The clever combination and cooking of ingredients have resulted in a radical change in the taste of the sea cucumber.

The outer layer is crispy and melts in the mouth. The meat of the sea cucumber becomes firm after being fried. When you chew the crab meat inside, the firm meat rushes out of your mouth with its unique fresh, tender and sweet taste.

This method should have been introduced from Hong Kong Island. The older generation of chefs there like to use traditional cooking methods and pair them with Western-style plating. The expensive dishes in high-end restaurants are no exception.

Qin Wei turned his head and smiled softly at Xu He, "Madam, you might as well eat more. It contains a lot of collagen and is good for your skin."

Xu He smiled slightly, nodded, and responded softly without saying anything.

The third dish was crispy fish maw, scallops and matsutake mushrooms in green sauce.

When the dish was served, the smile on Qin Wei's face paused. When he turned to look at Wu Hongquan, he said sincerely: "Master Wu, thank you for your hard work!"

Wu Hongquan smiled, "It's not hard. I hope I can catch Mr. Qin's eye."

The green juice in this dish is not the barley green juice we usually talk about.

The dried scallops are steamed in a broth with a low fire, and their own freshness blends with the broth.
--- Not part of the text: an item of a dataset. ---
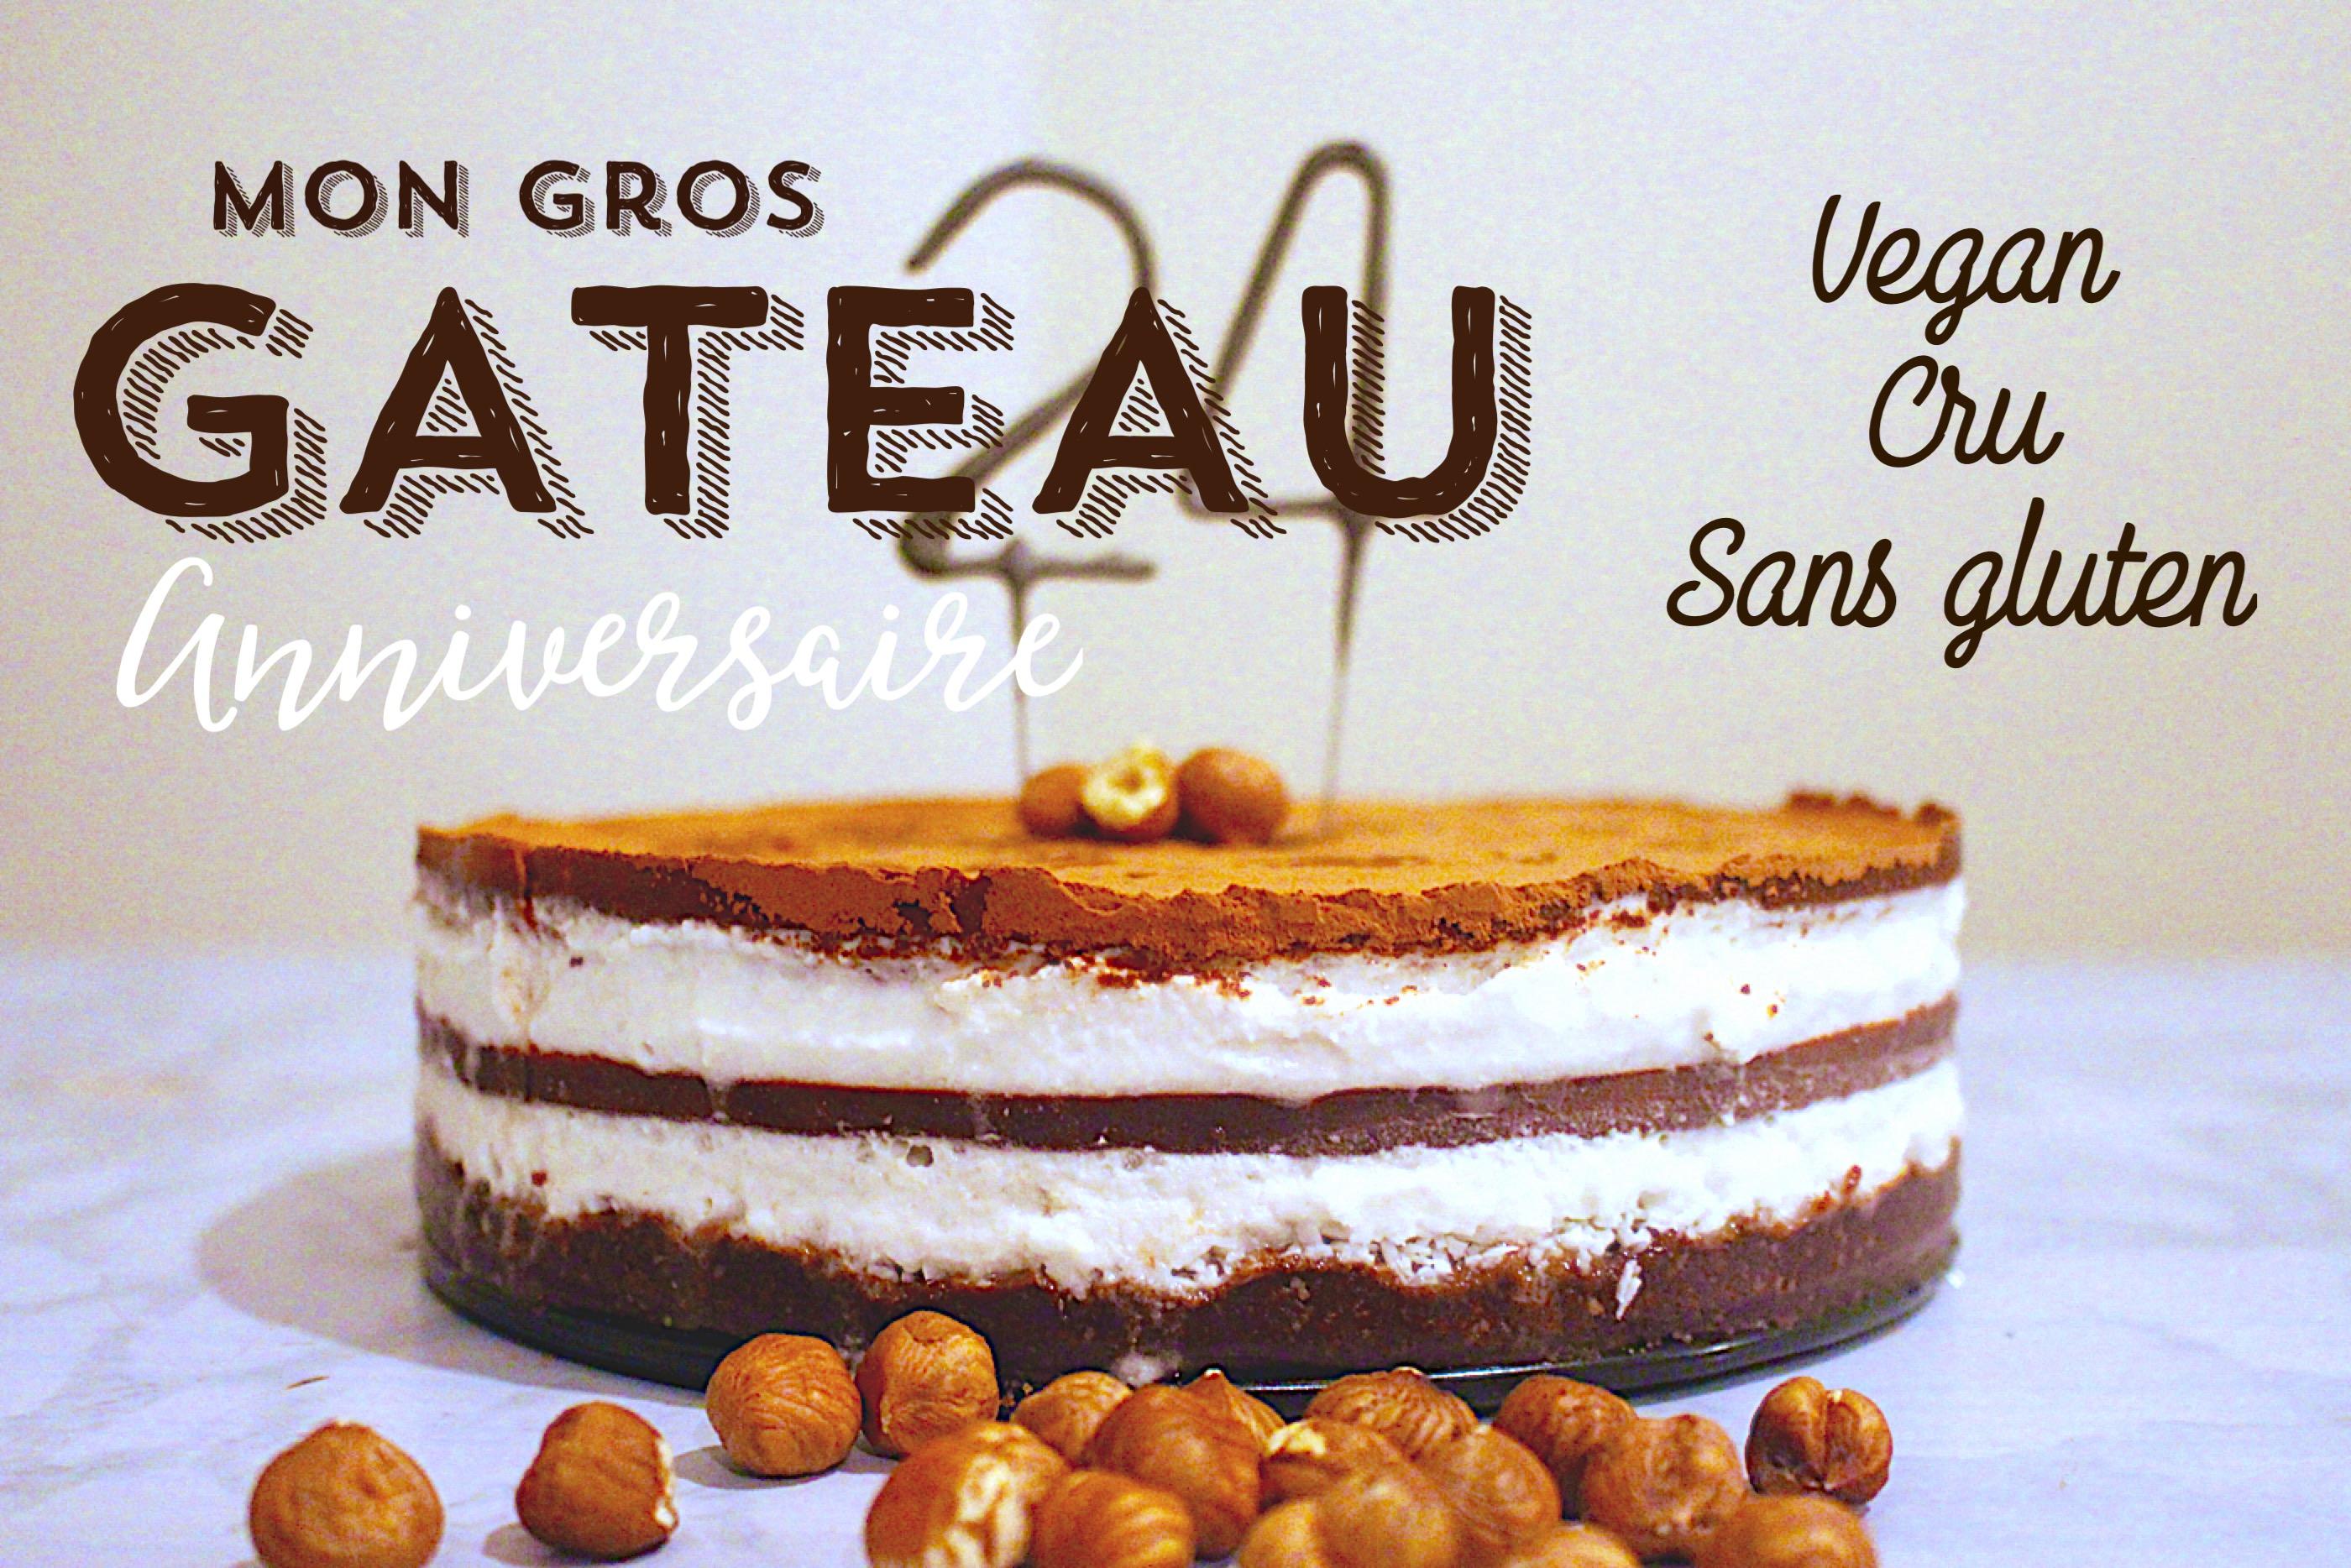 Gâteau d'anniversaire vegan, cru et sans gluten

They are extremely delicious with just a sprinkle of seasoning salt. When served, the broth at the bottom is clear and transparent.

As we all know, fish maw is usually used for stewing. Qin Wei specially comforted Wu Hongquan because this is a dish that requires risking one's life to make.

After the fish maw is soaked in broth and expanded, it is filled with broth. At this time, frying it in a frying pan is like pouring a bucket of water into a pot of hot oil.

The oil will immediately splatter everywhere, which is very dangerous. And you have to keep an eye on the changes in the fish maw in the pot.

Without some courage and skill, it would be difficult to cook this dish.

After frying the fish maw, it needs to be simmered in matsutake chicken soup until it is crispy and becomes soft and fluffy again. After it absorbs the soup, it can be placed on the scallops.

Continue to cook the remaining soup until it is neither too thick nor too thin, then carefully pour it over the fried fish maw.

Only the inherent characteristics of each ingredient are used, without a drop of other seasoning, and through complicated and overlapping steps, the original freshness of the food is restored.